Pepperdata CEO Sean Suchter can claim, with justifiable pride, a notable place in the history of Apache Hadoop. When he worked at Yahoo, he managed the world's first production deployment of the distributed computing platform.
His experience running Yahoo's web search engine team for many years has shaped his perceptions of Hadoop technology — its strengths and limitations — and feeds directly into his present project.
"At the beginning — this was before it was in production — it was on 10 nodes. We were happy if it stayed up for a day," Suchter said.
"But then as we started going to production on it, we were using it to do full web-scale processing of all the data we had from the web."
That was in 2006. The second deployment of Hadoop was carried out by Suchter's Pepperdata co-founder, Chad Carson, who was working on advert optimisation for Yahoo's sponsored-search product.
Although Hadoop is now a far more potent framework than it was when Suchter first used it at Yahoo all those years ago, he believes some of the issues people experience now would be instantly recognisable to anyone who had used it in its earliest days.
"We have seen these symptoms before and been in the guts of how Hadoop was used in the very early days and how it formed," Suchter said.
"We saw these patterns emerge that once people start counting on Hadoop in production, they hit the same issues over and over again. It was a very familiar pattern.
"Hadoop is so powerful and tries to use so much hardware. But it has really no idea of what's it's actually doing and how hard it's hitting things and when it's hitting limits and when it's not hitting the limits. Because at its core it's a distributed scheduling system."
Sucher gave one example of potential resources problems that can span CPU, RAM, disk and network.
"There was one time in which Yahoo search — like the actual production-facing search — was taken down by Hadoop. Let me explain how that happened," he said.
"The original version of Hadoop was meant to do large-scale batch processing. Now it does a lot more. But Hadoop at the time could launch a lot of things really quickly and use up a lot of hardware resource. There was one thing — a big job — that got launched and saturated the network.
"This Hadoop job ran and took 100 percent of the network bandwidth for several minutes and that killed us.
"But of course the Hadoop job didn't know. Hadoop had no idea of what was going on around it. It just said, 'My job is to run this as fast as possible and let me do so'.
"If it had run at 95 percent of the network bandwidth, this would have been a non-issue. It would have taken one-twentieth longer to execute. That's not a big deal. But it was a huge deal, of course — with a very large business impact."
The arrival of the YARN resource-management layer has simultaneously made Hadoop even more versatile while adding to the optimisation issues.
"The more complexity you put on the cluster, the more different conflicts and esoteric conflicts and things that happen second by second, where the issue may exist for a few seconds and cause a lot of impact and then go away. There's no way you can plan for that," Suchter said.
Nevertheless, he is adamant that YARN is a great step forward because it allows people to do more powerful things with Hadoop.
"An analogy is that Hadoop was this great innovation, like paved highways.
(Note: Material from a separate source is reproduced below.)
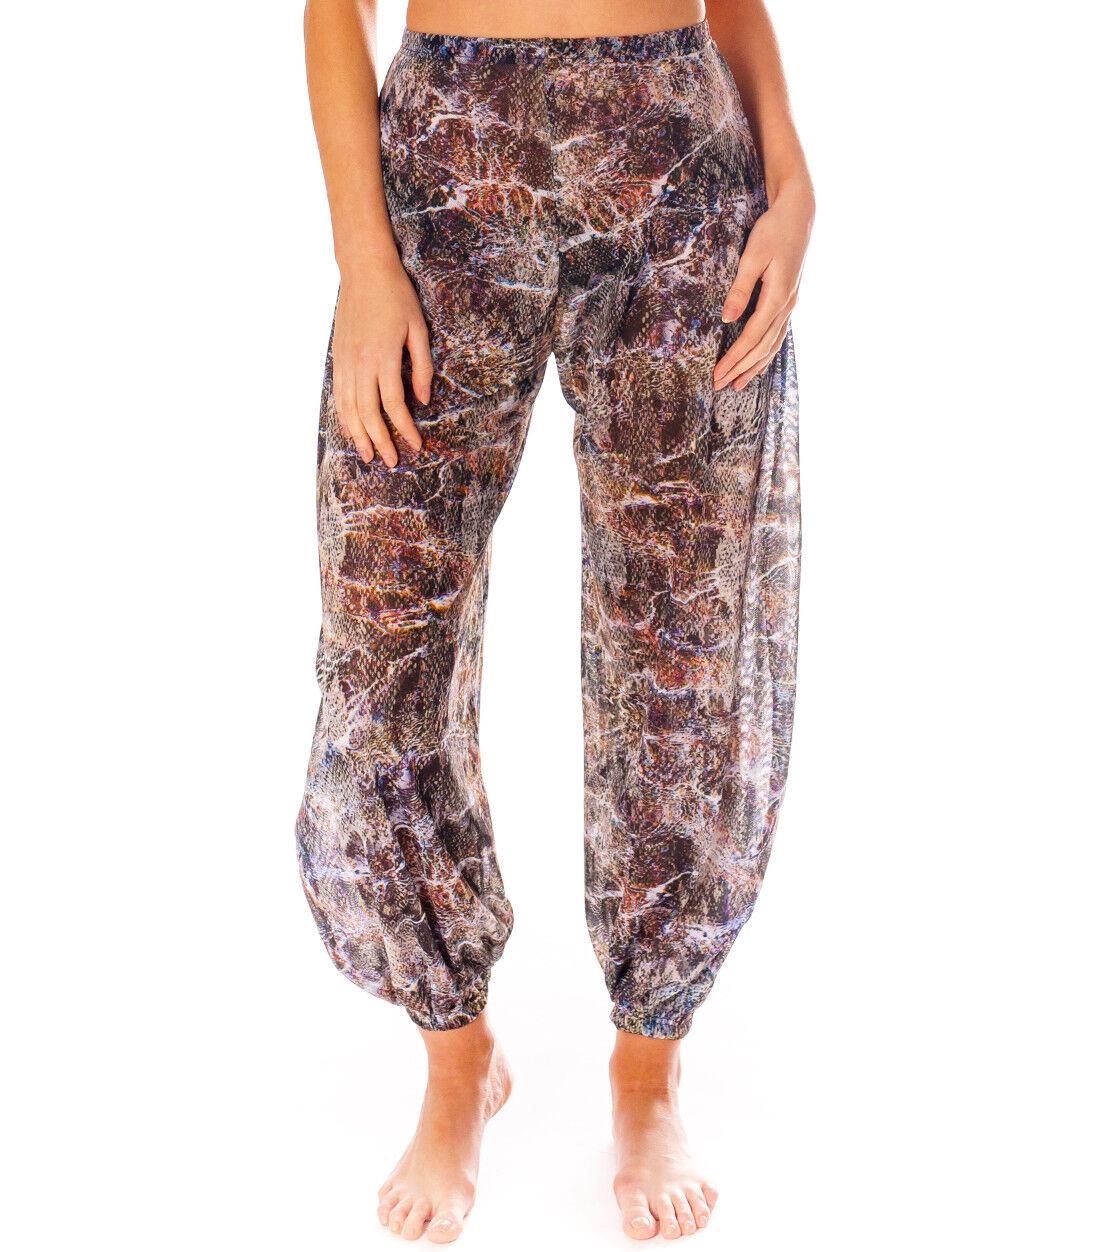 Kiniki BALI tan through Harem Pantaloni Accessorio beachwear made in England

You could drive a lot of trucks on it and they'd pretty reliably get to your destination," Suchter said.
"With YARN you don't to have just trucks. You can put cars and motorcycles and Formula 1 racers and donkeys and whatever the heck you want on the road. That's a great innovation.
"But if you, for example, have an ambulance that's coming on and some emergency, it needs to get through in a very predictable way. That ambulance is going to need to come through a second before it hits the next car. Let's move that car out of the way so it can get through and they can come back right after."
This is where the real-time cluster supervisor that Pepperdata has been developing comes in, according to Suchter.
"Different things are going to run on the cluster and you're going have things that are very important to your business with very tight SLAs compared with batch MapReduce jobs. Every time somebody uses some compute, every time somebody sends a packet, every time somebody seeks a disk, the real-time cluster optimiser is aware of that," Suchter said.
"It's watching on every node everything that's happening. It's making global and local decisions that say, 'Hey, this is a really important application to the business. I can see some ad hoc job that's really not important. Let me tell it to go a little bit slower — just enough that the high-priority job can get prioritised access'.
"The flipside of this is, of course, the optimiser knows what the hardware usages across all those four resources are at any given point, so it knows all the holes. Not only are there problems where people hit the real limits of the hardware but there are also problems where they don't and they leave capacity on the table."
Suchter argues that the way Hadoop has historically been adopted means businesses find themselves dependent on it but without appropriate enterprise-level resource management in place.
"When people just get into Hadoop and they just start using it, they're not counting on it at all. It's a new technology. It's like a trial and they're not sure.
"Somebody started using it, got a really great data product as a result and all of a sudden it's, 'Let's put that in production because we can make a lot more money if we do that. And by the way that needs to be regenerated every day, every half of a day, every hour.
"We need an SLA on that and 'Poof, you're in production'. That's the pattern. Sometimes it's more deliberate than that but a lot of the time it's organic."